You can set the value of config_list in any way you prefer. Please refer to this [notebook](https://github.com/microsoft/autogen/blob/main/notebook/oai_openai_utils.ipynb) for full code examples of the different methods.

## OpenAIWrapper with cost estimation

In [2]:
from autogen import OpenAIWrapper

client = OpenAIWrapper(config_list=config_list)
messages = [{'role': 'user', 'content': 'Can you give me 3 useful tips on learning Python? Keep it simple and short.'},]
response = client.create(messages=messages, model="gpt-35-turbo-1106", cache_seed=None)
print(response.cost)

In update_usage_summary
0.0001555


## Usage Summary

When creating a instance of OpenAIWrapper, cost of all completions from the same instance is recorded. You can call `print_usage_summary()` to checkout your usage summary. To clear up, use `clear_usage_summary()`.


In [14]:
from autogen import OpenAIWrapper

client = OpenAIWrapper(config_list=config_list)
messages = [{'role': 'user', 'content': 'Can you give me 3 useful tips on learning Python? Keep it simple and short.'},]
client.print_usage_summary() # print usage summary

No usage summary. Please call "create" first.


In [15]:
# The first creation
# By default, cache_seed is set to 41 and enabled.

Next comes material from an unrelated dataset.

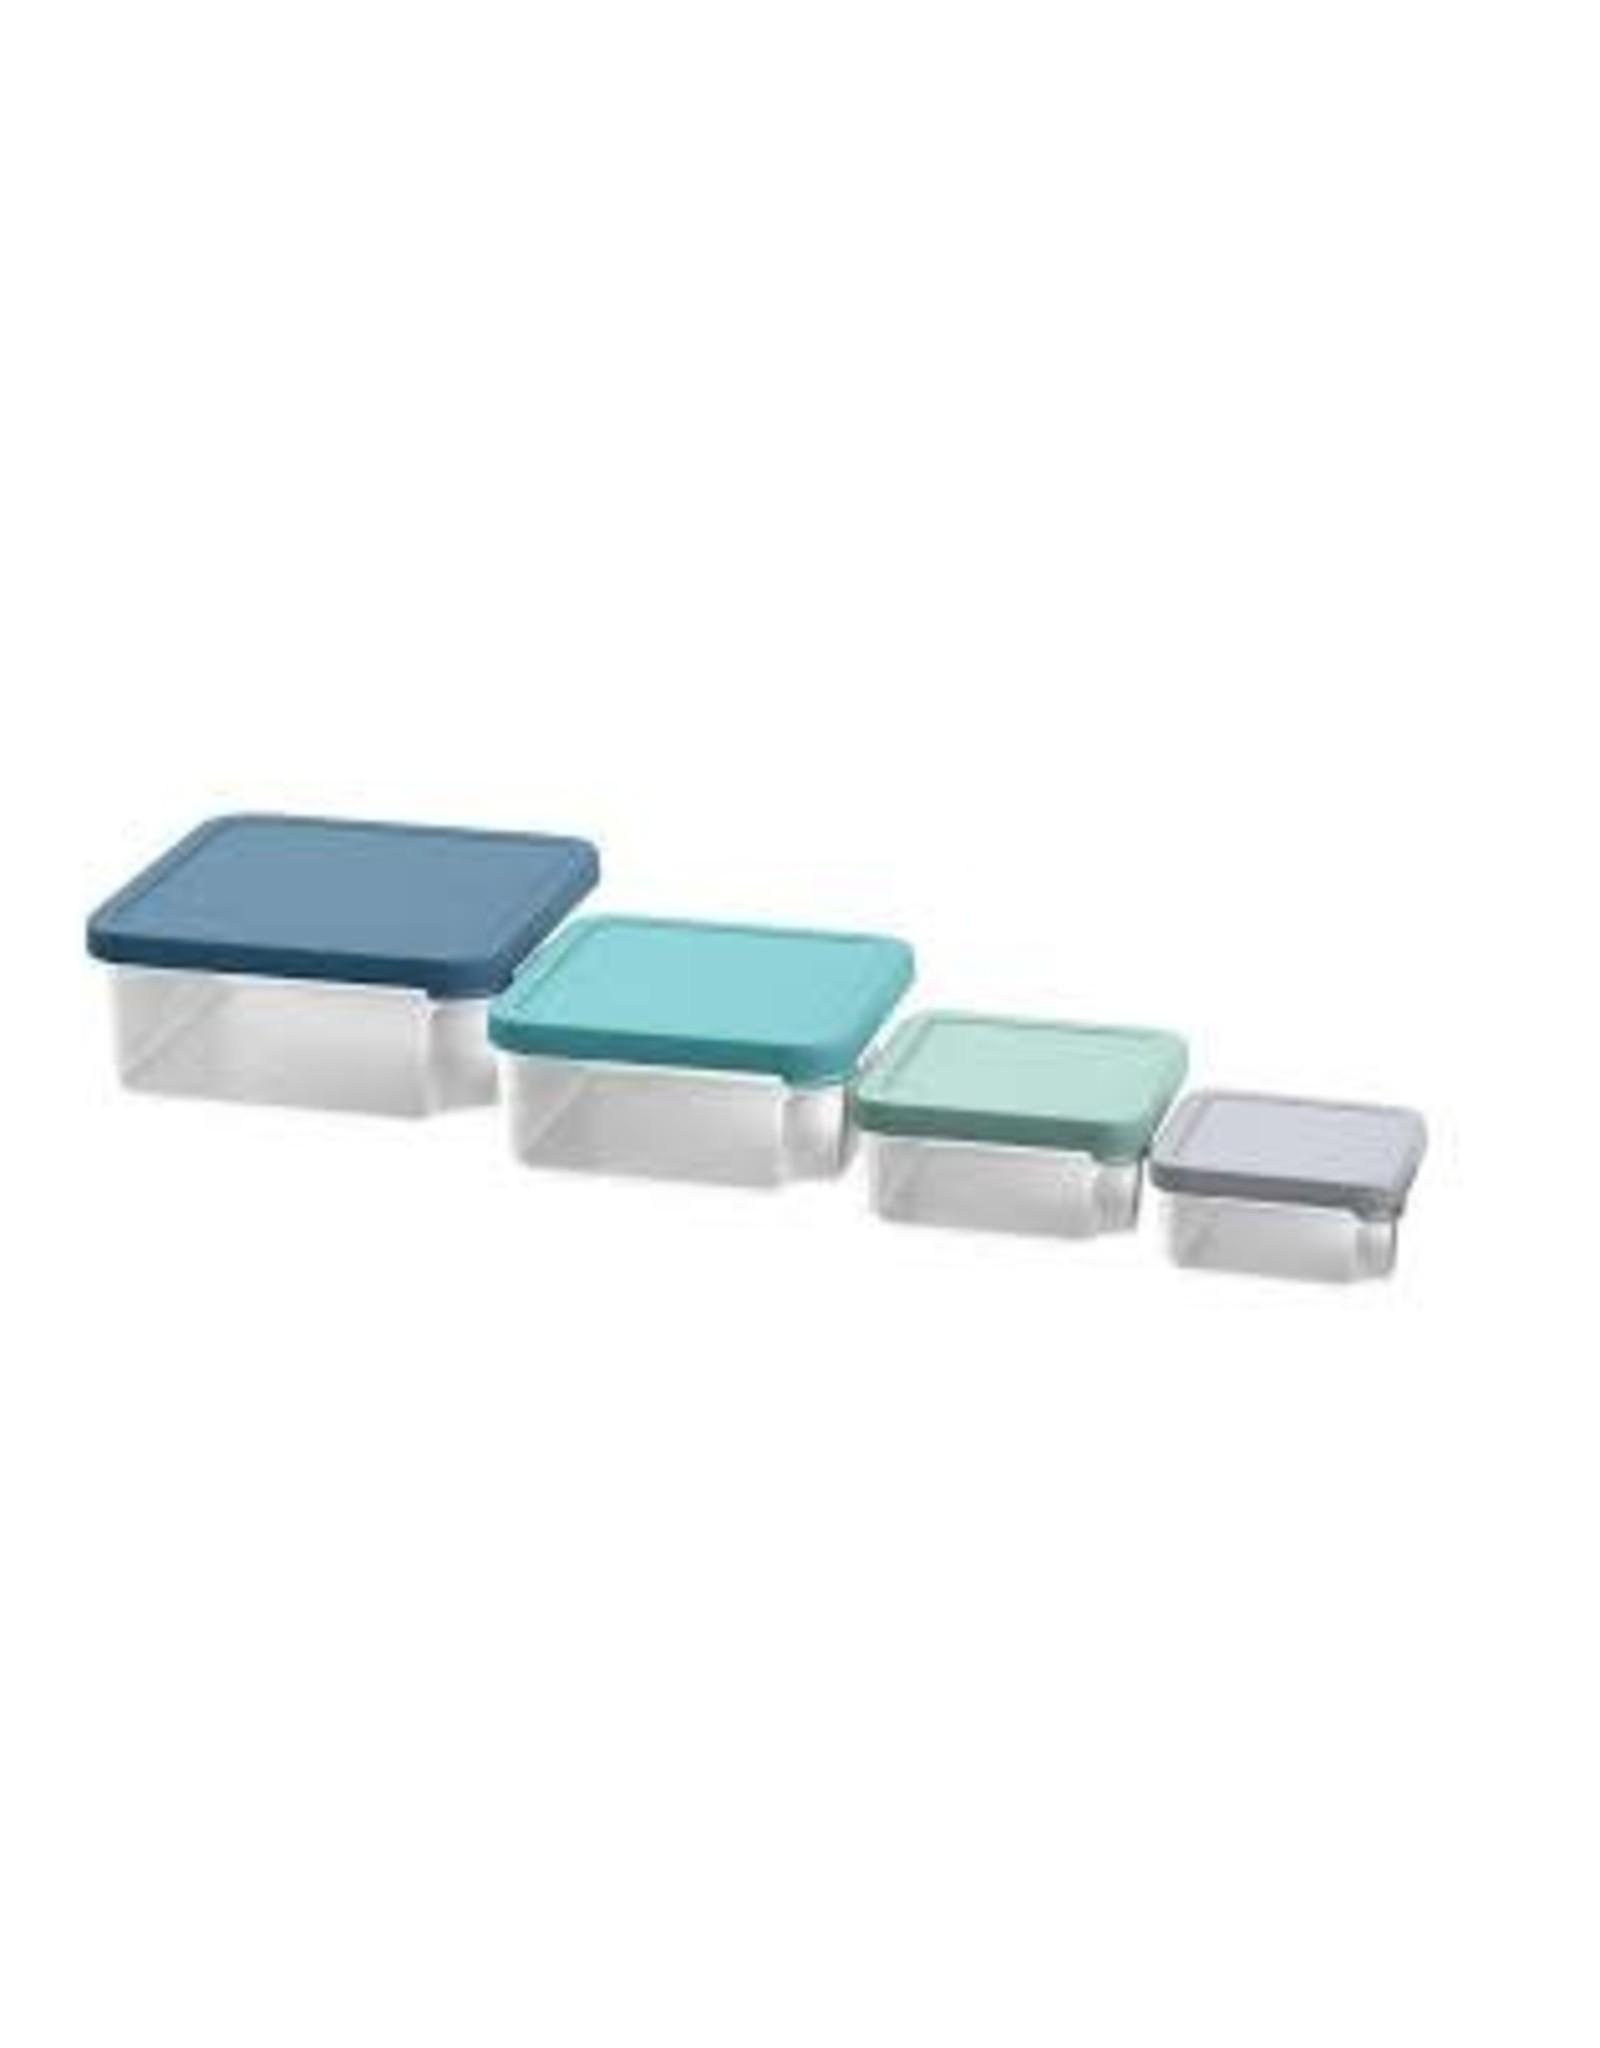 TarHong TarHong- Frame S/4 Storage Containers,  14 oz., 31 oz., 66.5 oz.,115 oz.

If you don't want to use cache, set cache_seed to None.
response = client.create(messages=messages, model="gpt-35-turbo-1106", cache_seed=41)
client.print_usage_summary() # default to ["actual", "total"]
client.print_usage_summary(mode='actual') # print actual usage summary
client.print_usage_summary(mode='total') # print total usage summary

In update_usage_summary
----------------------------------------------------------------------------------------------------
Usage summary excluding cached usage: 
Total cost: 0.00026
* Model 'gpt-35-turbo': cost: 0.00026, prompt_tokens: 25, completion_tokens: 110, total_tokens: 135

All completions are non-cached: the total cost with cached completions is the same as actual cost.
----------------------------------------------------------------------------------------------------
----------------------------------------------------------------------------------------------------
Usage summary excluding cached usage: 
Total cost: 0.00026
* Model 'gpt-35-turbo': cost: 0.00026, prompt_tokens: 25, completion_tokens: 110, total_tokens: 135
----------------------------------------------------------------------------------------------------
----------------------------------------------------------------------------------------------------
Usage summary including cached usage: 
Total cost: 0.

In [16]:
# take out cost
print(client.actual_usage_summary)
print(client.total_usage_summary)

{'total_cost': 0.0002575, 'gpt-35-turbo': {'cost': 0.0002575, 'prompt_tokens': 25, 'completion_tokens': 110, 'total_tokens': 135}}
{'total_cost': 0.0002575, 'gpt-35-turbo': {'cost': 0.0002575, 'prompt_tokens': 25, 'completion_tokens': 110, 'total_tokens': 135}}


In [17]:
# Since cache is enabled, the same completion will be returned from cache, which will not incur any actual cost. 
# So acutal cost doesn't change but total cost doubles.
response = client.create(messages=messages, model="gpt-35-turbo-1106", cache_seed=41)
client.print_usage_summary()

In update_usage_summary
----------------------------------------------------------------------------------------------------
Usage summary excluding cached usage: 
Total cost: 0.00026
* Model 'gpt-35-turbo': cost: 0.00026, prompt_tokens: 25, completion_tokens: 110, total_tokens: 135

Usage summary including cached usage: 
Total cost: 0.00052
* Model 'gpt-35-turbo': cost: 0.00052, prompt_tokens: 50, completion_tokens: 220, total_tokens: 270
----------------------------------------------------------------------------------------------------


In [18]:
# clear usage summary
client.clear_usage_summary() 
client.print_usage_summary()

No usage summary. Please call "create" first.


In [19]:
# all completions are returned from cache, so no actual cost incurred.
response = client.create(messages=messages, model="gpt-35-turbo-1106", cache_seed=41)
client.print_usage_summary()

In update_usage_summary
----------------------------------------------------------------------------------------------------
No actual cost incurred (all completions are using cache).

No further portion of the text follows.